- Born: 25 May 1951 (age 75)
- Occupations: Film engineer; businessman; inventor;

= Anatoliy Kokush =

Ukrainian inventor and film executive

Anatoliy Akymovych Kokush (Анатолій Акимович Кокуш; born 25 May 1951) is a Ukrainian Krymchak film engineer, businessman, and inventor. In the 1990s, he developed a gyro-stabilized car-mounted camera crane known as a U-Crane.

In 2005, he was awarded two Academy Awards. The awards were in the Scientific and Engineering Award category: one was awarded "for the concept and development of the Russian Arm gyro-stabilized camera crane and the Flight Head"; the other was awarded "for the concept and development of the Cascade series of motion picture cranes". Kokush has also been recognized by Ukraine's then First Lady Kateryna Yushchenko for his contributions to Ukrainian cinema and around the world.

Kokush graduated from the Leningrad Institute of Film Engineers in 1974. He then started working for Dovzhenko Film Studios in Kyiv. He was born in Kerch.
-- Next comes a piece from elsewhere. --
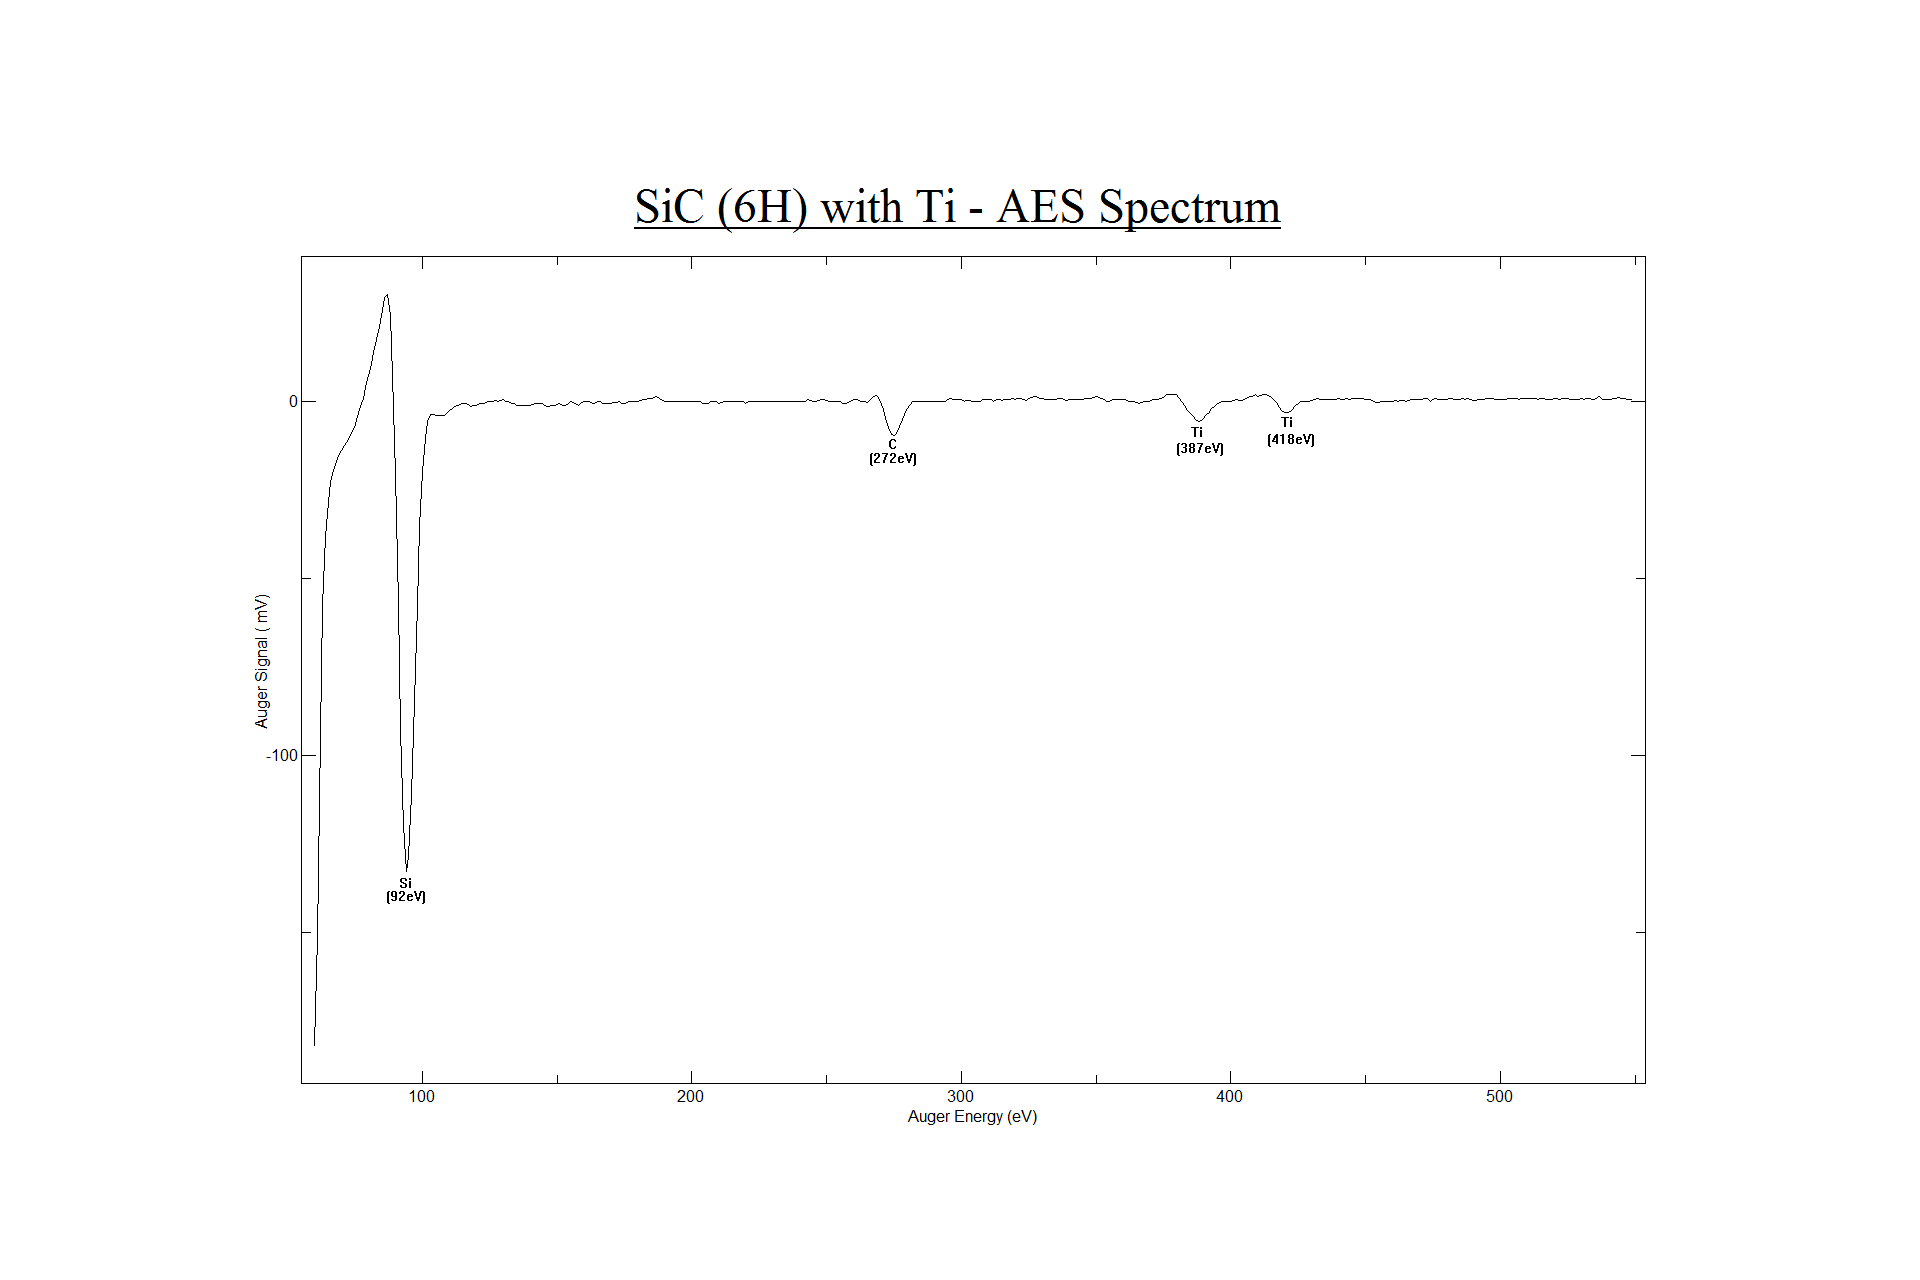 Figure 11. Auger Spectrum of Silicon Carbide 6H with Titanium.

== Gyro-stabilized car-mounted camera crane ==
In the 1980s, Kokush founded the film and television company Filmotechnic, based in Kyiv. He explained that the machine known as the "Russian Arm" is actually called Autorobot, and was given the nickname as a joke in the early nineties, when Americans in Hollywood joked that "the Russian Arm is back in America again". Filmotechnic provided Travelling Cascade Cranes, Flight Heads and Russian Arms to major Hollywood pictures such as Titanic, War of the Worlds, Casanova, and also the wuxia film Hero, many Russian blockbusters, as well as Ukrainian films. Other films include The Italian Job, Ocean's Twelve, King Arthur, Kingdom of Heaven, Bean: The Movie, Transformers, Iron Man 2, and many other huge box office hits.

On 1 March 2022, in light of the Russian invasion of Ukraine, Filmotechnic officially renamed the gyro-stabilized crane as U-Crane, "in honor of country of origin and their heroic fight against Russian aggression."